In summary, lazy modules are not a new computation method, but a more convenient module initialization method. They move some shape information from __init__() to the first forward(), so model code contains fewer hard-coded input dimensions.
2.4.10 Putting These Concepts into One Model
Now put the previous concepts into a slightly more complete model.
This model contains:
- Two linear layers as learnable submodules.
- A Dropout to demonstrate training/evaluation behavior.
- Input-normalization mean and std as buffers.
- A non-persistent cache mask as a non-persistent buffer.
class DemoNet(nn.Module):
def __init__(self, input_dim: int, hidden_dim: int, output_dim: int):
super().__init__()
self.register_buffer('mean', torch.zeros(input_dim))
self.register_buffer('std', torch.ones(input_dim))
self.register_buffer(
'cache_mask',
torch.ones(input_dim, dtype=torch.bool),
persistent=False,
)
self.fc1 = nn.Linear(input_dim, hidden_dim)
self.dropout = nn.Dropout(p=0.5)
self.fc2 = nn.Linear(hidden_dim, output_dim)
def forward(self, x: Tensor) -> Tensor:
x = (x - self.mean) / self.std
x = self.fc1(x)
x = F.relu(x)
x = self.dropout(x)
x = self.fc2(x)
return xCreate the model:
demo = DemoNet(input_dim=3, hidden_dim=8, output_dim=2)Inspect parameters:
print('Parameters:')
for name, param in demo.named_parameters():
print(f'{name}: {param.size()}')Parameters:
fc1.weight: torch.Size([8, 3])
fc1.bias: torch.Size([8])
fc2.weight: torch.Size([2, 8])
fc2.bias: torch.Size([2])
Inspect buffers:
print('Buffers:')
for name, buffer in demo.named_buffers():
print(f'{name}: {buffer.size()}')Buffers:
mean: torch.Size([3])
std: torch.Size([3])
cache_mask: torch.Size([3])
Inspect the state dict:
print('State dict:')
for key, value in demo.state_dict().items():
print(f'{key}: {value.size()}')State dict:
mean: torch.Size([3])
std: torch.Size([3])
fc1.weight: torch.Size([8, 3])
fc1.bias: torch.Size([8])
fc2.weight: torch.Size([2, 8])
fc2.bias: torch.Size([2])
Notice that cache_mask is a buffer, but because persistent=False, it does not appear in state_dict().
Inspect submodules:
print('Submodules:')
for name, module in demo.named_modules():
print(repr(name), '->', type(module).__name__)Submodules:
'' -> DemoNet
'fc1' -> Linear
'dropout' -> Dropout
'fc2' -> Linear
Together, these outputs show nn.Module’s core management abilities:
parameters() -> find learnable parameters
buffers() -> find non-parameter state
modules() -> find submodule structure
state_dict() -> export saveable model state
train()/eval() -> switch module behavior
At this point, we can understand nn.Module more completely: it is not a single API, but the center of PyTorch’s model system.

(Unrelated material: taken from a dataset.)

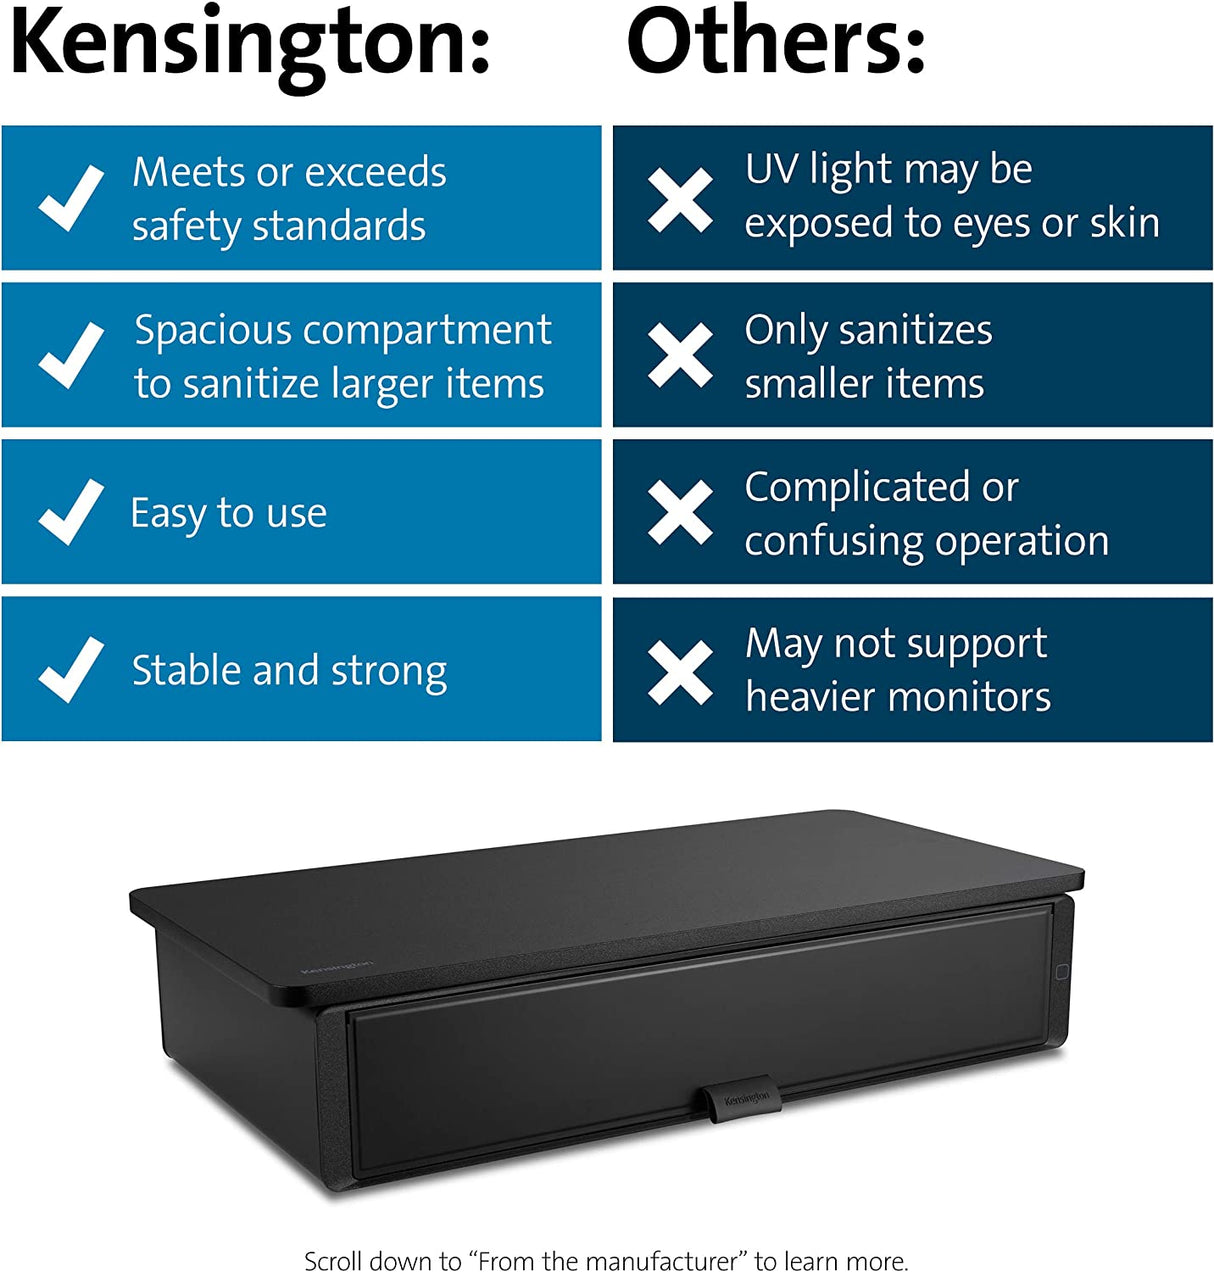 Kensington UVStand™ Monitor Stand with UV Disinfection Compartment –Black (K55100WW)

As soon as an object inherits from nn.Module, it enters PyTorch’s model-management system.
2.4.11 Summary
In this section, we started from a hand-written linear transformation and understood why nn.Module is needed.
nn.Module is not only an object with forward(); it also manages parameters, buffers, and submodules inside the model. nn.Parameter represents model parameters that need to be updated by the optimizer; Buffer represents tensors that belong to model state and should be saved or moved across devices, but should not be updated by the optimizer.
The relationship between nn.Module and nn.functional can be understood as: the former is a stateful layer or model, while the latter is a stateless function. Many modules call the corresponding functional operation inside forward().
We also saw that Module can contain Module, and PyTorch recursively manages parameters and buffers inside these submodules. Through parameters(), buffers(), children(), and modules(), we can inspect the internal structure of a model; through state_dict(), we can save and load model state.
Finally, train() and eval() control module behavior, not whether Autograd records the computation graph. During validation and inference, we usually need both model.eval() and torch.no_grad() or torch.inference_mode().
So the core role of nn.Module is to organize scattered tensor computations into a real model: it knows which things should be learned, which things are only state, which layers belong to it, and how these states should be saved, loaded, and switched between behaviors.